Alexander Nikolaevich Bashlachev (; 27 May 1960 – 17 February 1988) was a Soviet poet, singer-songwriter and guitarist, a performer in Russian rock music, included in the 27 Club.

Early life 
Bashlachev was born in Cherepovets, Soviet Union, the son of Nikolai Bashlachev and Nellie Bashlacheva. In 1977, Bashlachev graduated from Cherepovets High School in Cherepovets, and worked as a painter at the Cherepovets Metallurgical Plant with his father. In 1978, he resigned from the plant to enroll at the Ural State University in Yekaterinburg (then called Sverdlovsk) as a journalism major. Bashlachev graduated in 1983.

Career 
In early 1983, Bashlachev wrote "Griboyedov Waltz", which was the first song he had written. Throughout the 1980s, Bashlachev wrote and composed music. After he graduated at the Ural State University, Bashlachev left Sverdlovsk and returned to Cherepovets, where he worked for a year with the newspaper The Communist. There, he wrote articles about the power plant, and, later, about cafés.

In May 1984, Bashlachev attended the Leningrad Rock Festival in Leningrad. There, he bought an acoustic guitar which he had taught himself to play. In September, he played some of his songs at his friend Leonid Parfyonov's apartment in Leningrad. Over the years, he would play several flat concerts. It is worth noting that rock music was censored in Russia during the 1970s and the 1980s. To get around this, musicians played for small audiences at their homes or at the homes of their friends. These gatherings were called "kvartirniks". In October, Bashlachev met music journalist Artemy Troitsky, who invited Bashlachev to Moscow to write and compose music. In December 1984, Bashlachev settled in Leningrad.

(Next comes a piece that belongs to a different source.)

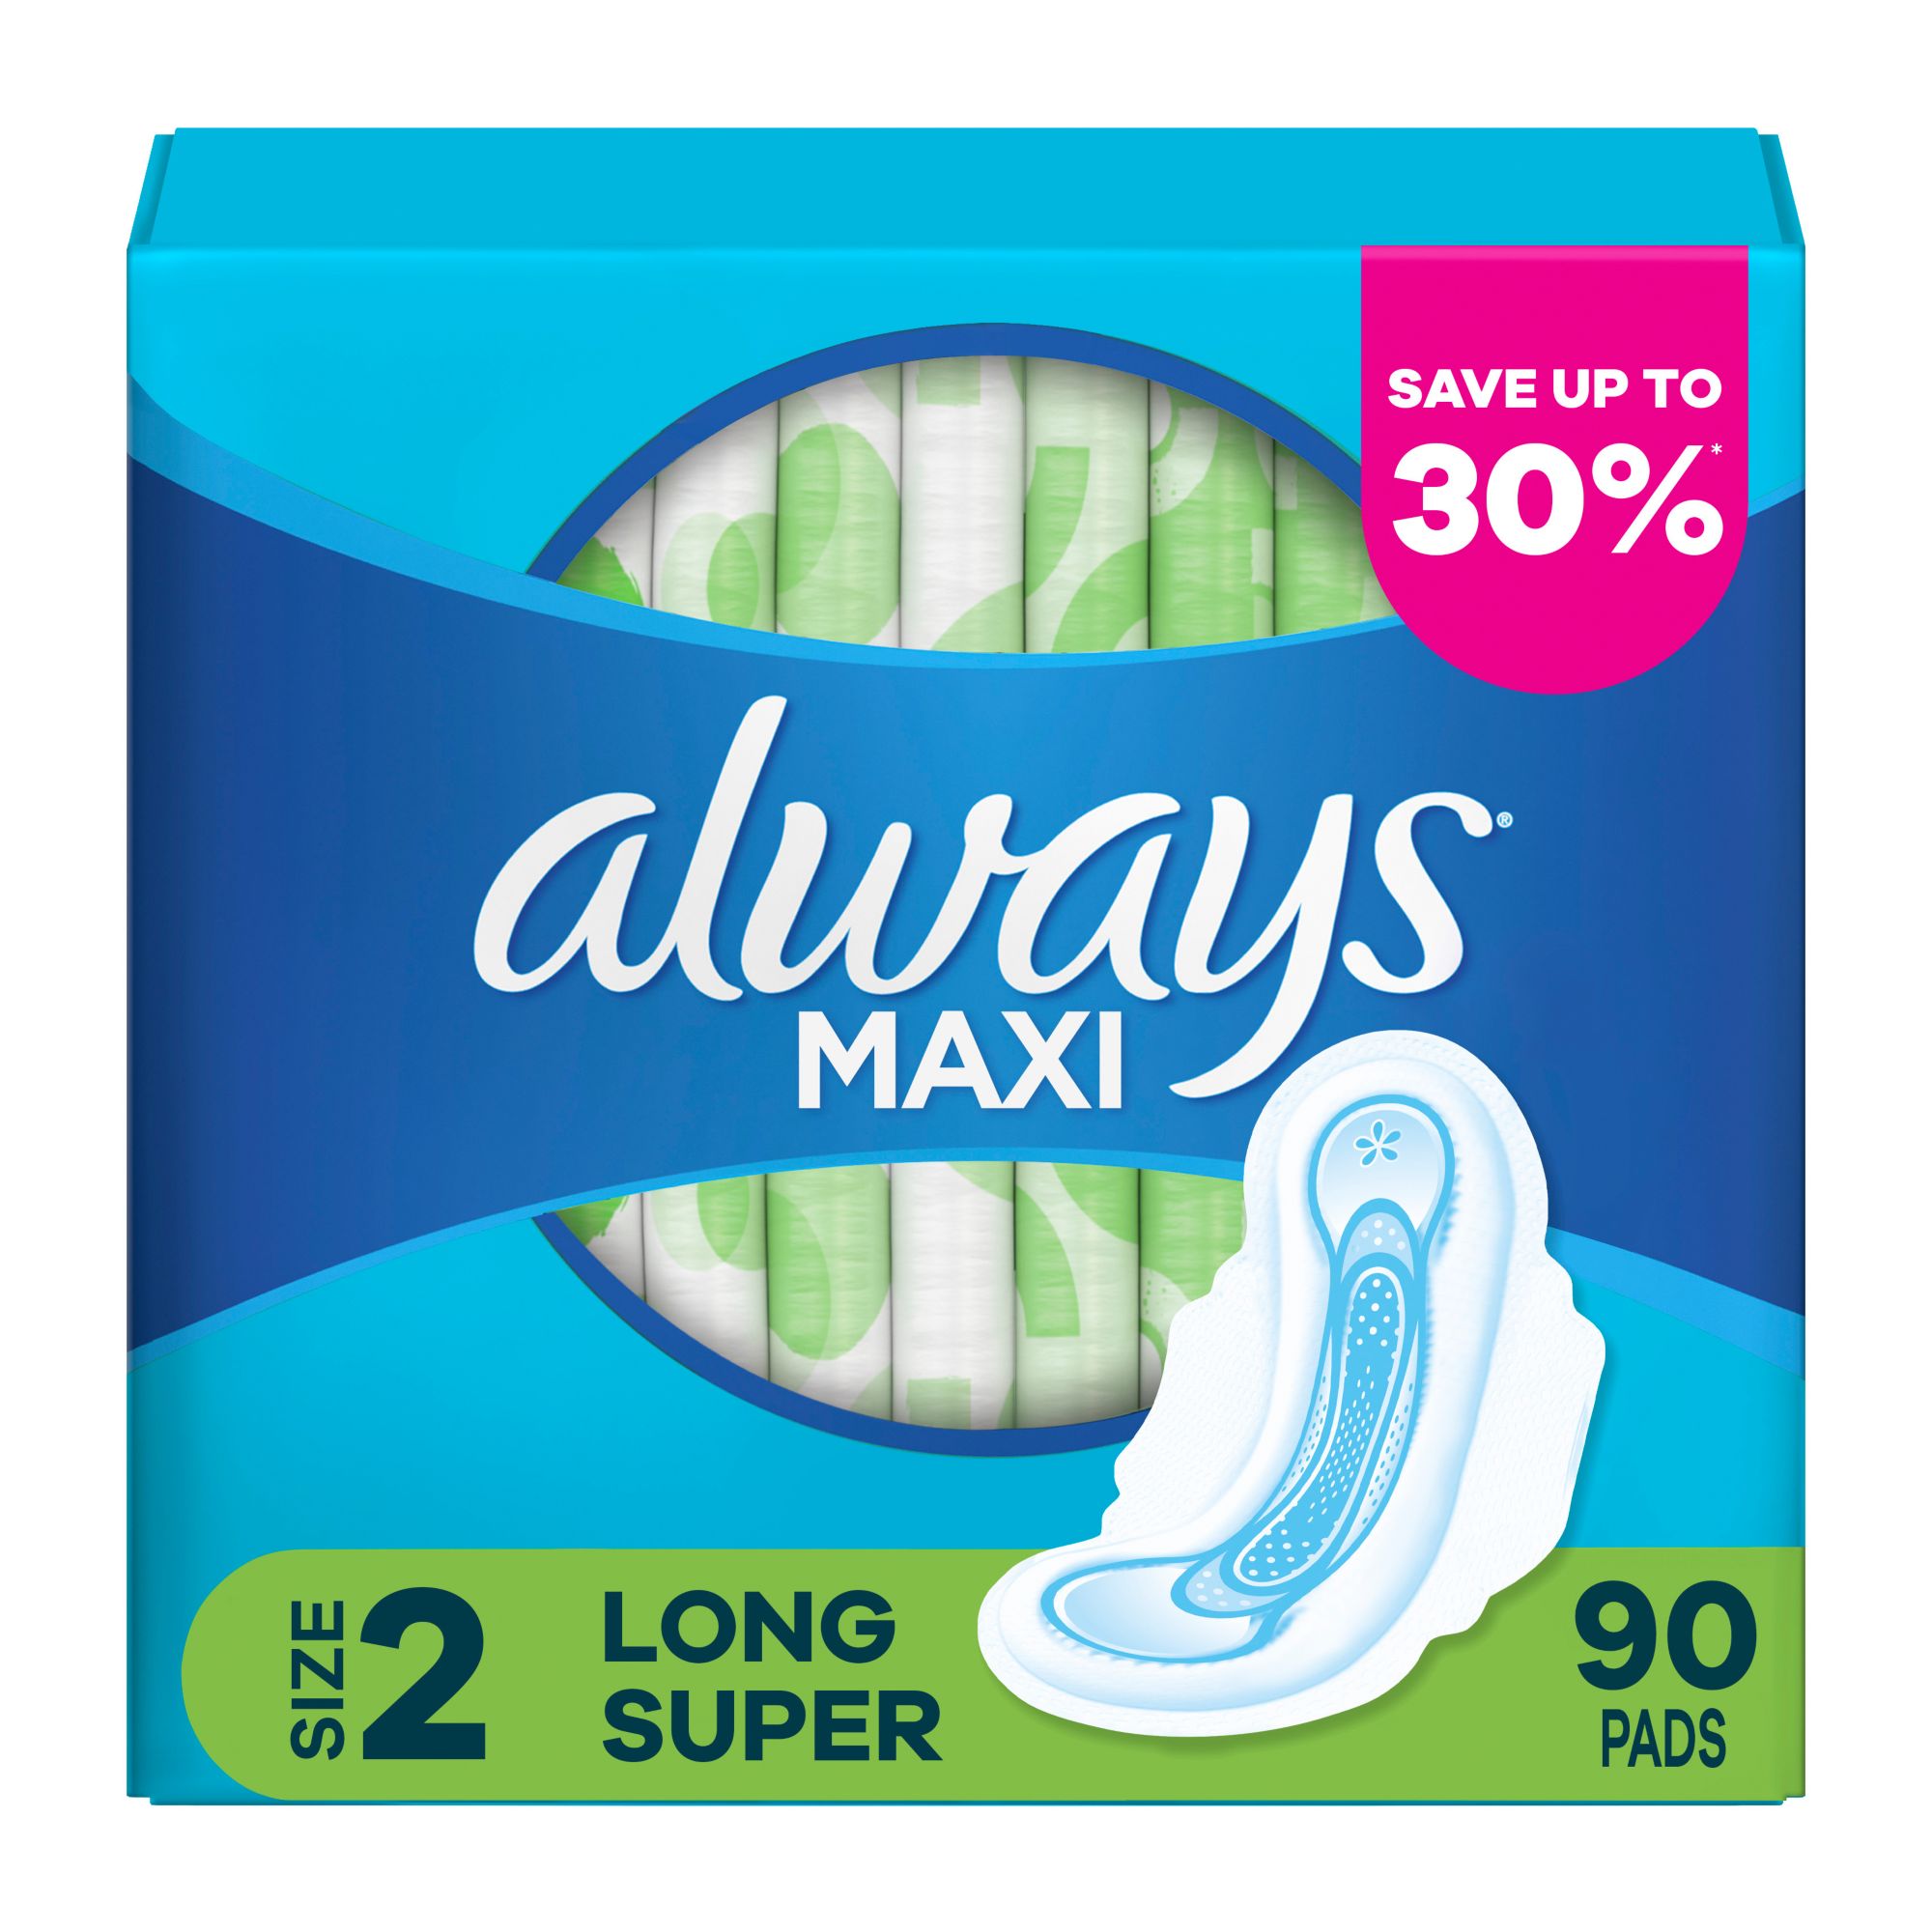 Always Ultra Thin Extra Heavy Overnight Pads with Wings, Size 5, 34 Count
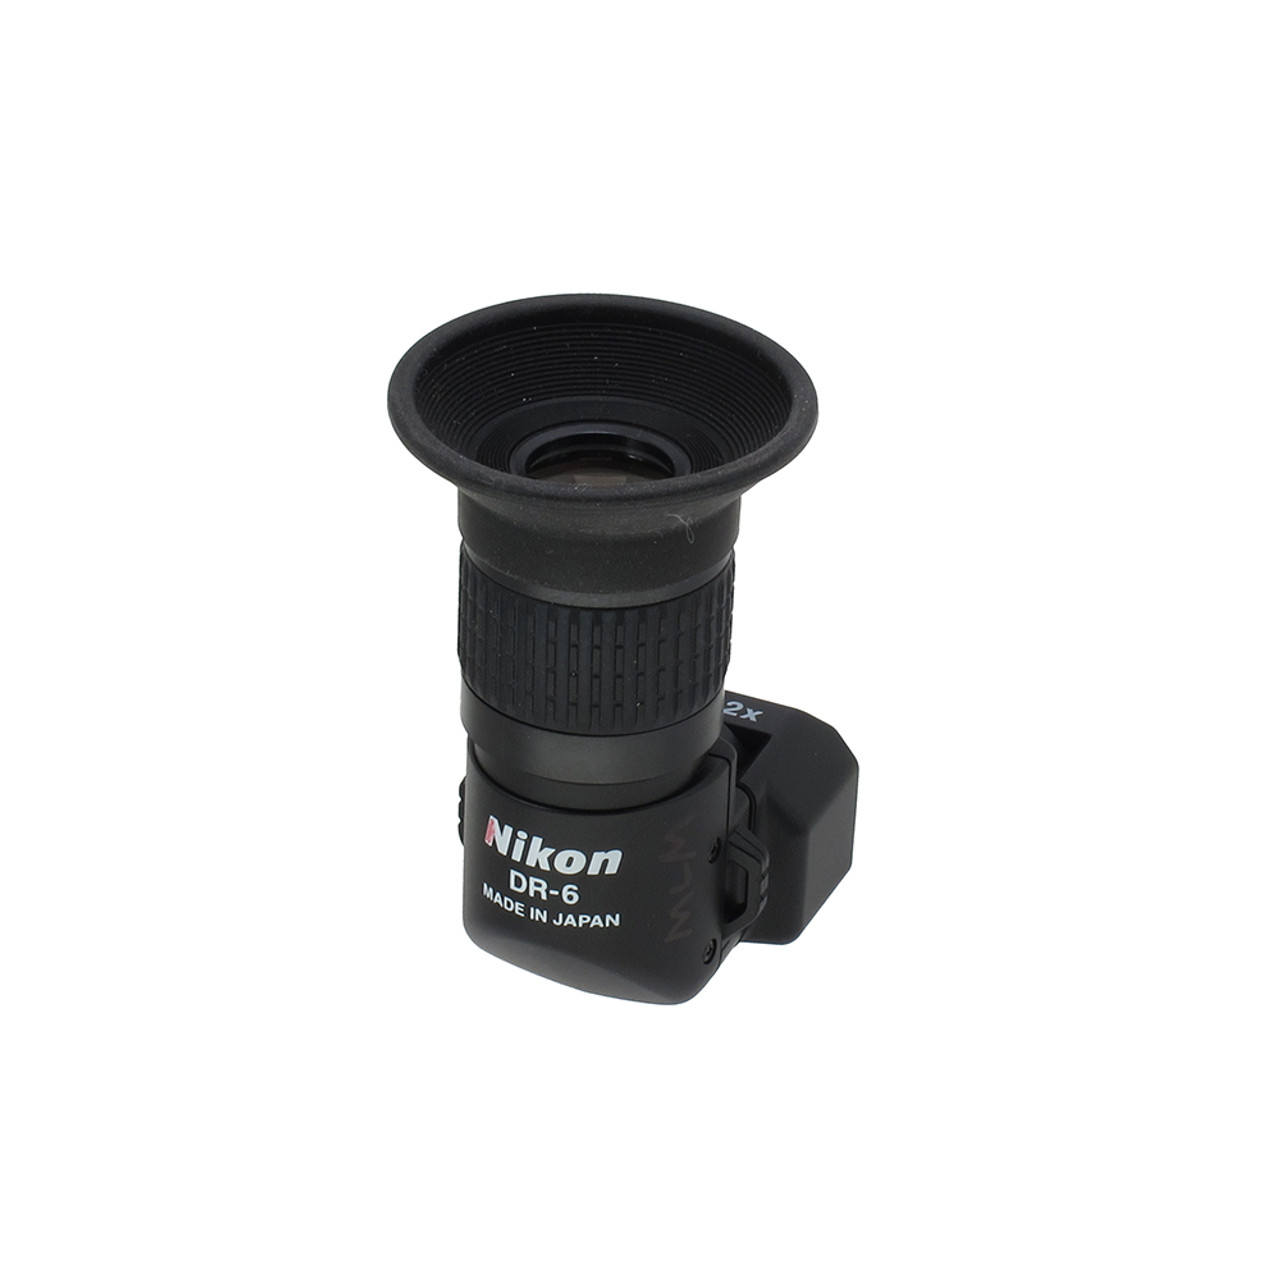 USED NIKON DR-6 RIGHT ANGLE FINDER

In March 1985, Bashlachev along with Yuri Shevchuk played at the Leningrad Rock Festival. The two performed before an audience of six hundred concertgoers at the Leningrad Veterinary Institute in Leningrad. A recording of this concert was released under the title of "Kochegarka". Officially a worker at a coal boiler station, popularly known as Kamchatka (it also served as an underground rock venue), Bashlachev became a member of the Leningrad Rock Club. In June 1987 he performed at the Leningrad Rock Festival for the second and final time, and was awarded there Nadezhda (Hope) prize.

Death 

Shortly before his death, Bashlachev had difficulties with writer's block, rarely writing new songs and tending to avoid performing old ones. His last song, entitled "Cherry", was written in August 1987. He also became more isolated as his depression grew more severe.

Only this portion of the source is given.